Now that I Have Enough Patients in the Cohort, What's Next? Expand answer
  • Rerun the same query requesting patient set, by checking Patient List.
  • Use visualization tools.
    • Demographic composition shows the distribution of age, sex, race, and vital status.
    • Timeline plugin depicting temporal relationships among its “concepts” (diagnoses, meds, lab tests) with timing of their occurrence.
    • CARE (Cohort Analysis and Refinement Expeditor) provides histograms of demographics breakdowns along with selected subset of specific concepts.
    • Export de-identified data.
  • Timeline, CARE and Export tools will allow for additional data, not considered as part of the filter criteria. All data is available for that cohort.
  • Request data set from Decision Support.
    • Turnaround time will be 5 to 7 business days for the Standard Data Set.
    • The dataset you receive will be a standard data set, either de-identified or with HIPAA identifiers depending on what you have rights to see (IRB-determined or non-research)
i2b2 Analysis Tools Example Expand answer

CARE (Cohort Analysis and Refinement Expeditor)
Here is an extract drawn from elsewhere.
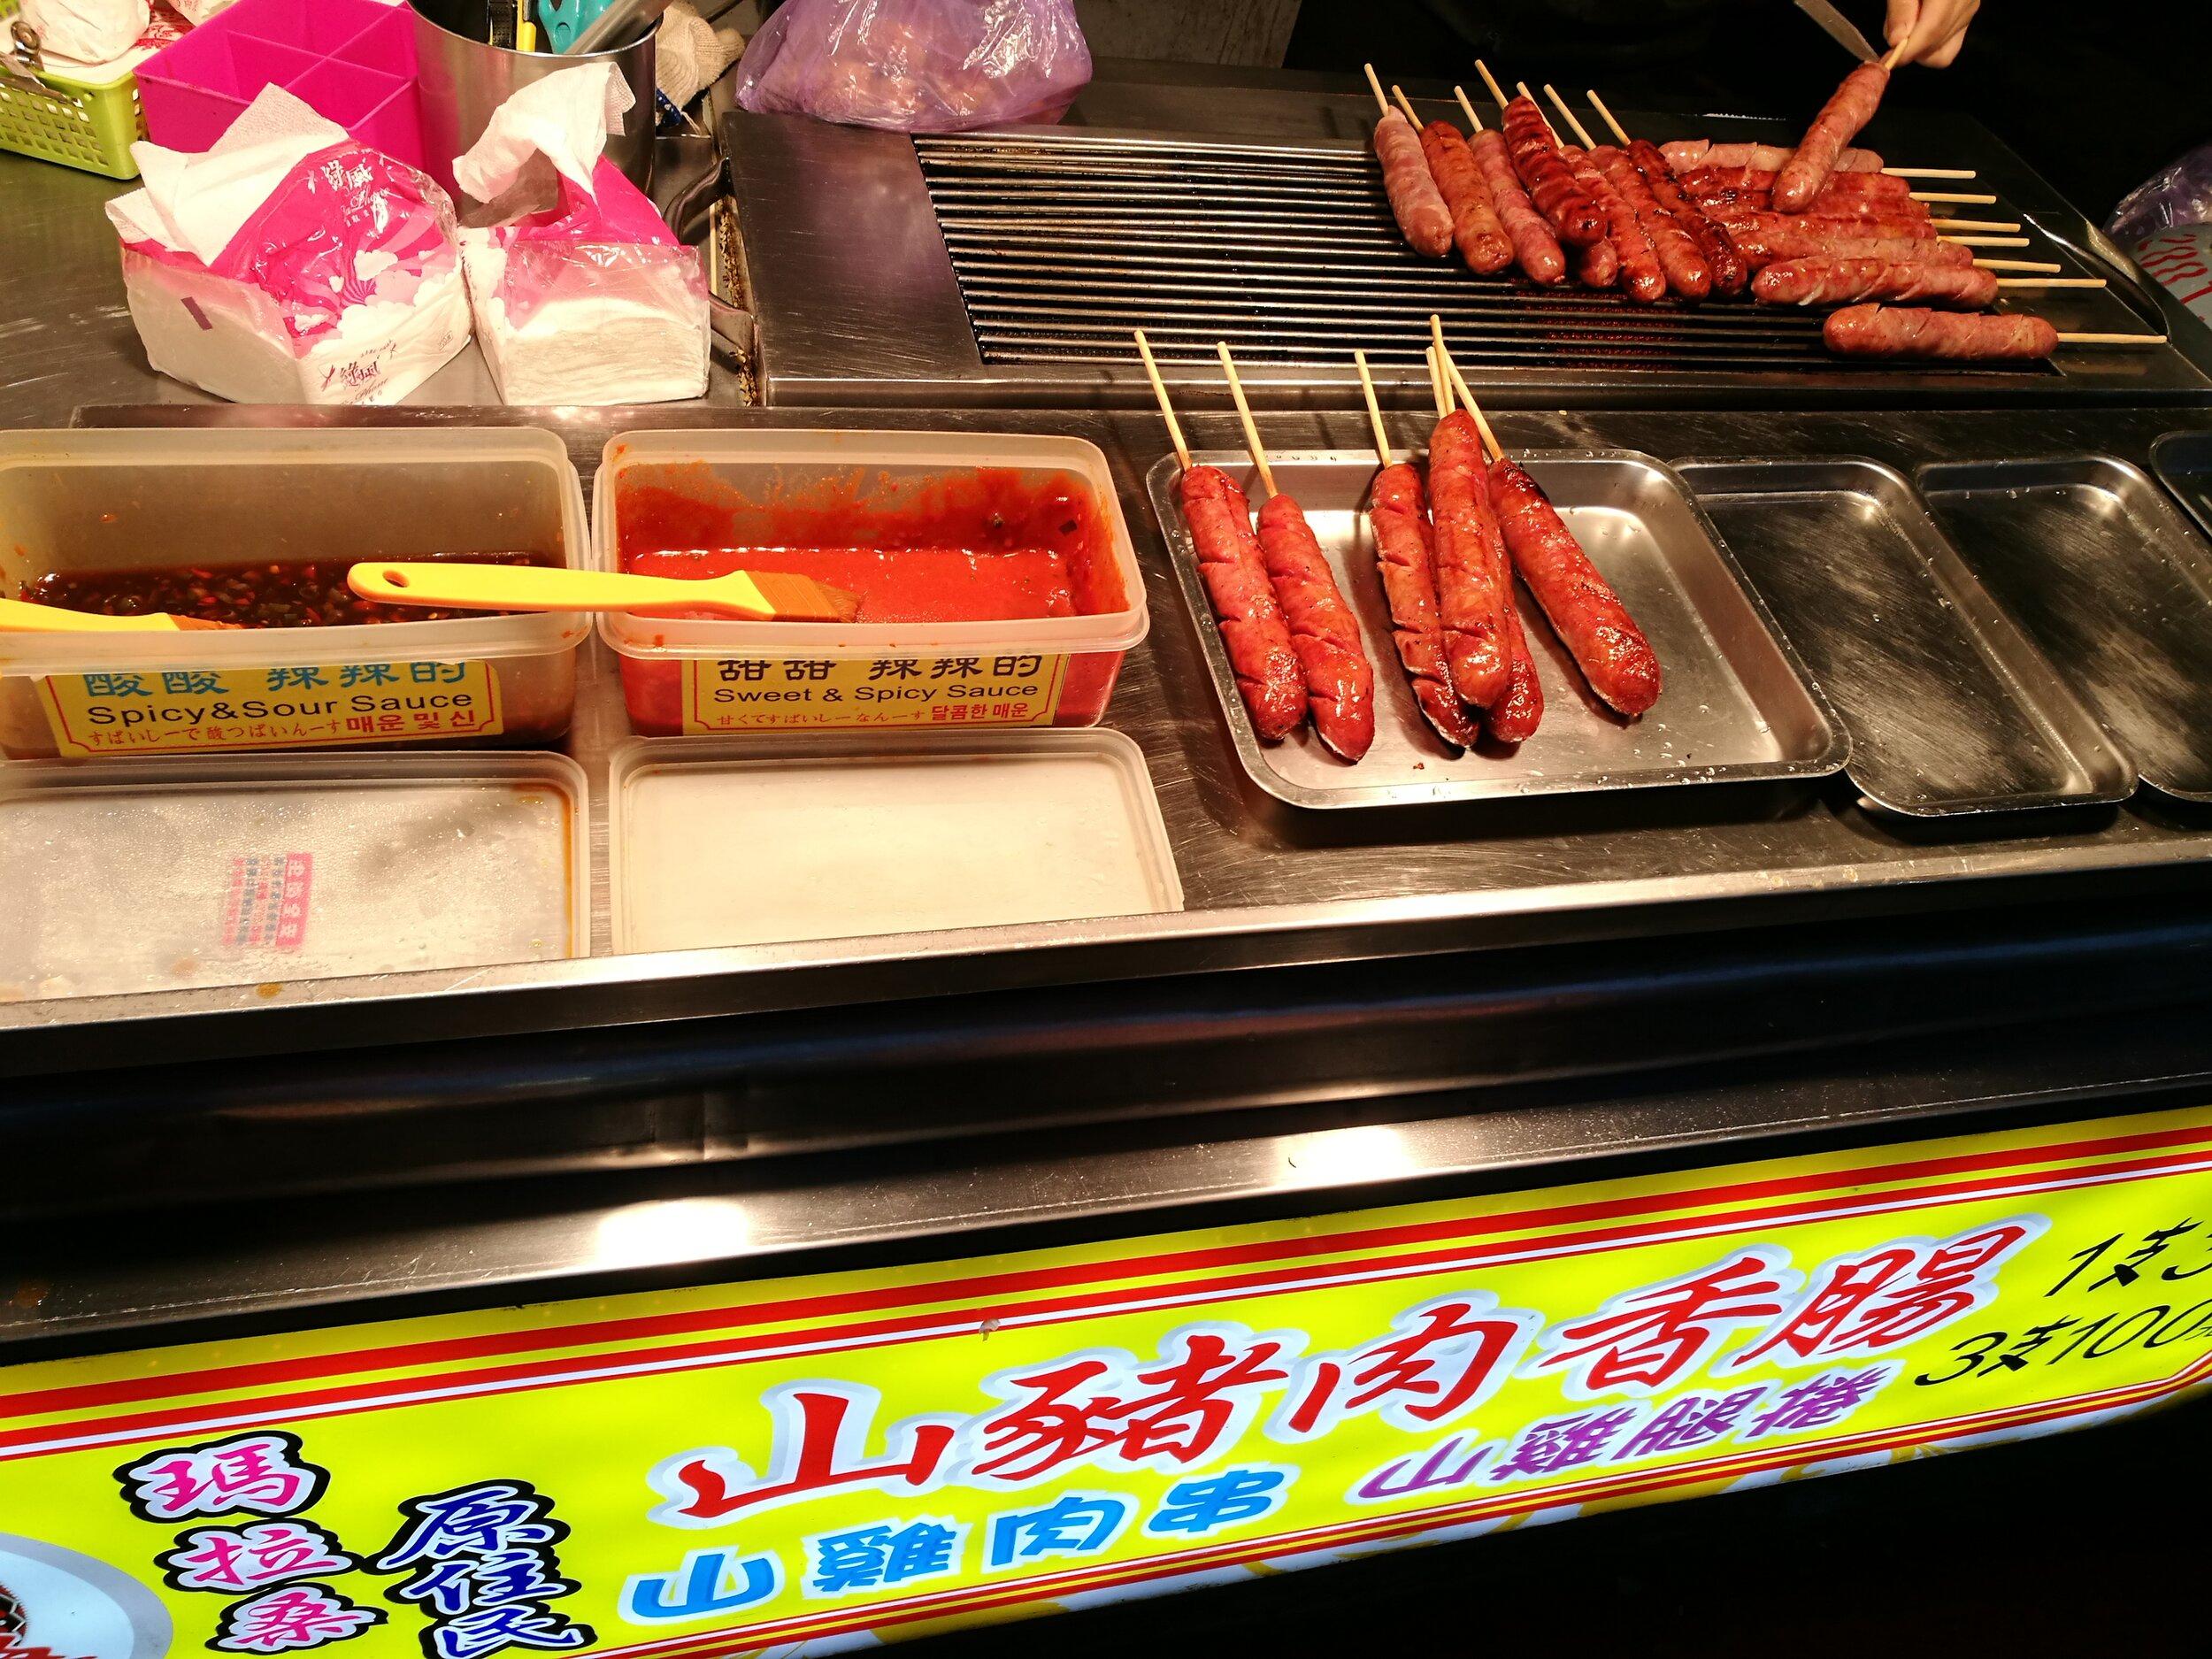 A simple sausage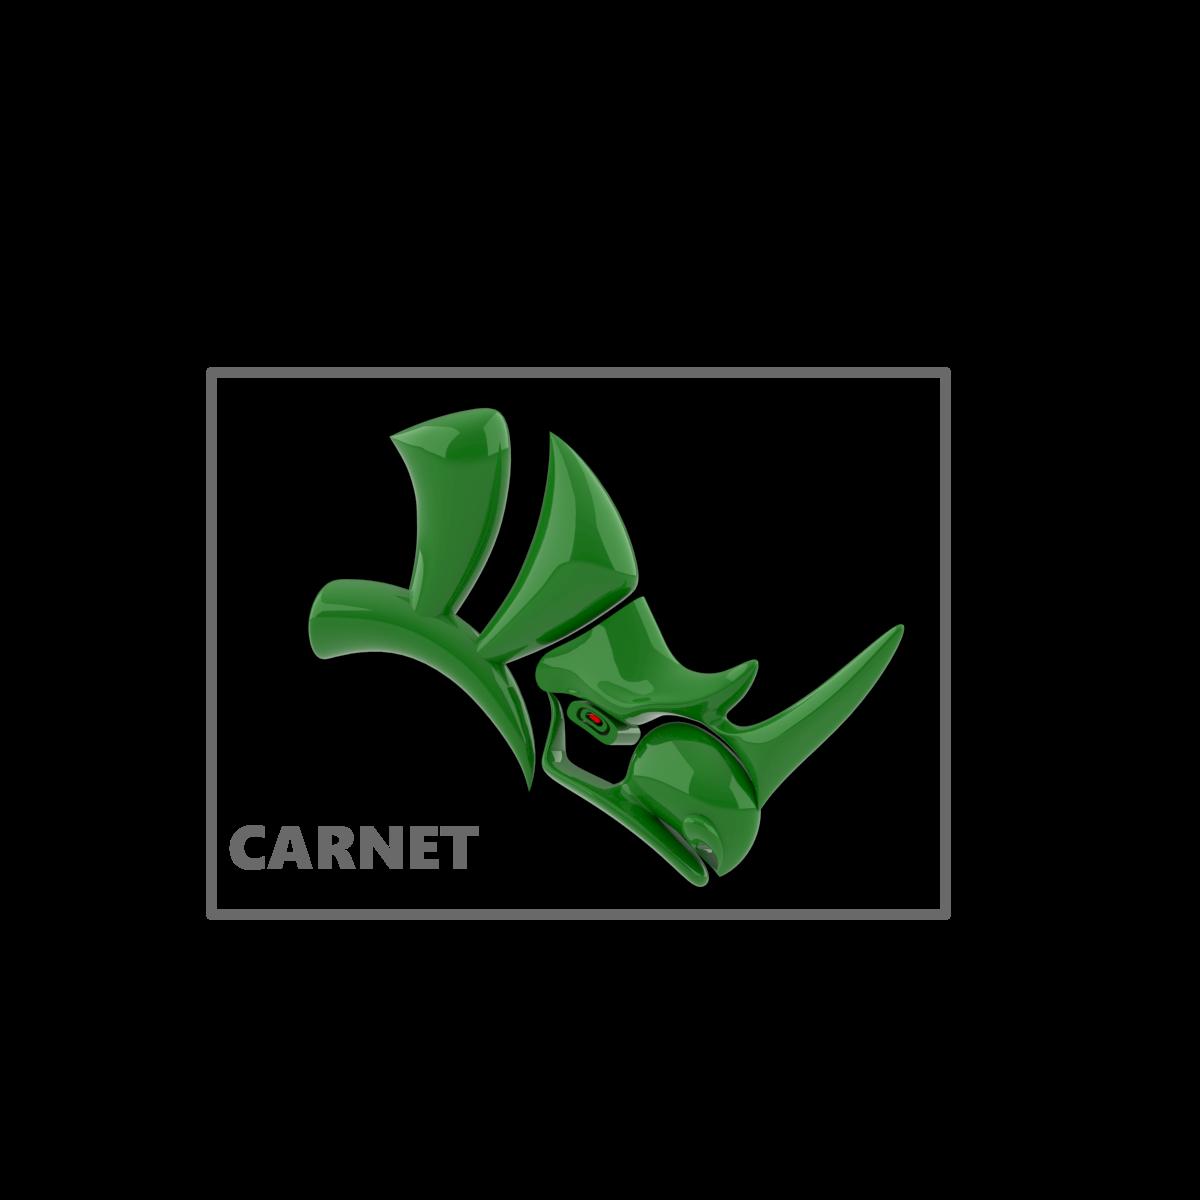 CARNET_Online

  • Switch from Find Patients to Analysis Tools (make this selection at the very top right section of the page
  • From the Analysis Tools at the top:
    • Select CARE (Cohort Analysis and Refinement Expeditor) – Concept Demographics Histograms
    • For Patient Set, use the last query, strep with scarlet fever patient set, and choose the Patient Set in the Previous Queries tab.
    • Drag the Patient Set to the Patient Set field in the Analysis Tool window.
    • Choose a concept for the analysis.
    • Select the View Results tab.
i2b2 Data Export Example Expand answer

From the Specify Data tab:

  • At the top of the screen, under Analysis Tools, select ExportXLS.
  • Drag the strep with scarlet fever patient set into the Patient Set box.
  • Locate Strep Test in your Workplace, then drag this to the Concept(s) box.
  • Navigate the Ontology (Medications) pane to locate Amoxicillin, then drag this parent folder to the Concept(s) box.
  • Under Output Options:
    • For Formatting, select one row per observation (detailed, 1 column per observation)
    • For Demographic data, select a few (e.g., Sex, Age)
  • Under Options (may cause long running time):
    • Select Resolve Concept/Modifier Codes

Select the View Results tab, then wait until the export is displayed.

Requesting Standard Data Set Expand answer

Once you are satisfied with your patient set, you may request a Standard Data Set from Decision Support, which will encompass all dates for the patient.

Locate your query in the Previous Queries or Workplace window and copy the entire name to clipboard.

Submit a Report Request to IT:

  • On the Infonet home page, choose Request a Report at the bottom of the page.
  • Click on Report and Service Request Form.
  • Log in to ServiceNow using your ePass credentials (hersheymed\ePass)
  • Complete the Report Request as follows:
    • Type of Request: New Report
    • Information Source: Other
    • Do you intend to use any of the information obtains from EIM to directly contact patients or research subjects? If answering yes, EIM will ensure that the patients found are not deceased.
    • Date Report Needed: For Standard Data Set, allow for at least five to seven business days; for custom report, allow for four weeks.
    • Reason for Request: Research
    • Research Request Type: Choose the appropriate funding selection. Complete the remaining subfields with type of research and IRB number (if requesting PHI) and grant number.
    • Provide a detailed description of your request including data fields: Identify this as an i2b2 query and including the query name (paste from clipboard), requesting a standard data set. If you wish to have a subset of the standard data set, then indicate the items and Decision Support will remove the unwanted data.
    • Click Submit.

The report (spreadsheets) will appear in your LaunchPad inbox and a representative from Decision Support will contact you:

Find the LaunchPad inbox via Myapps (found in the Start menu) > login > Apps > LaunchPad > Documents > Inbox.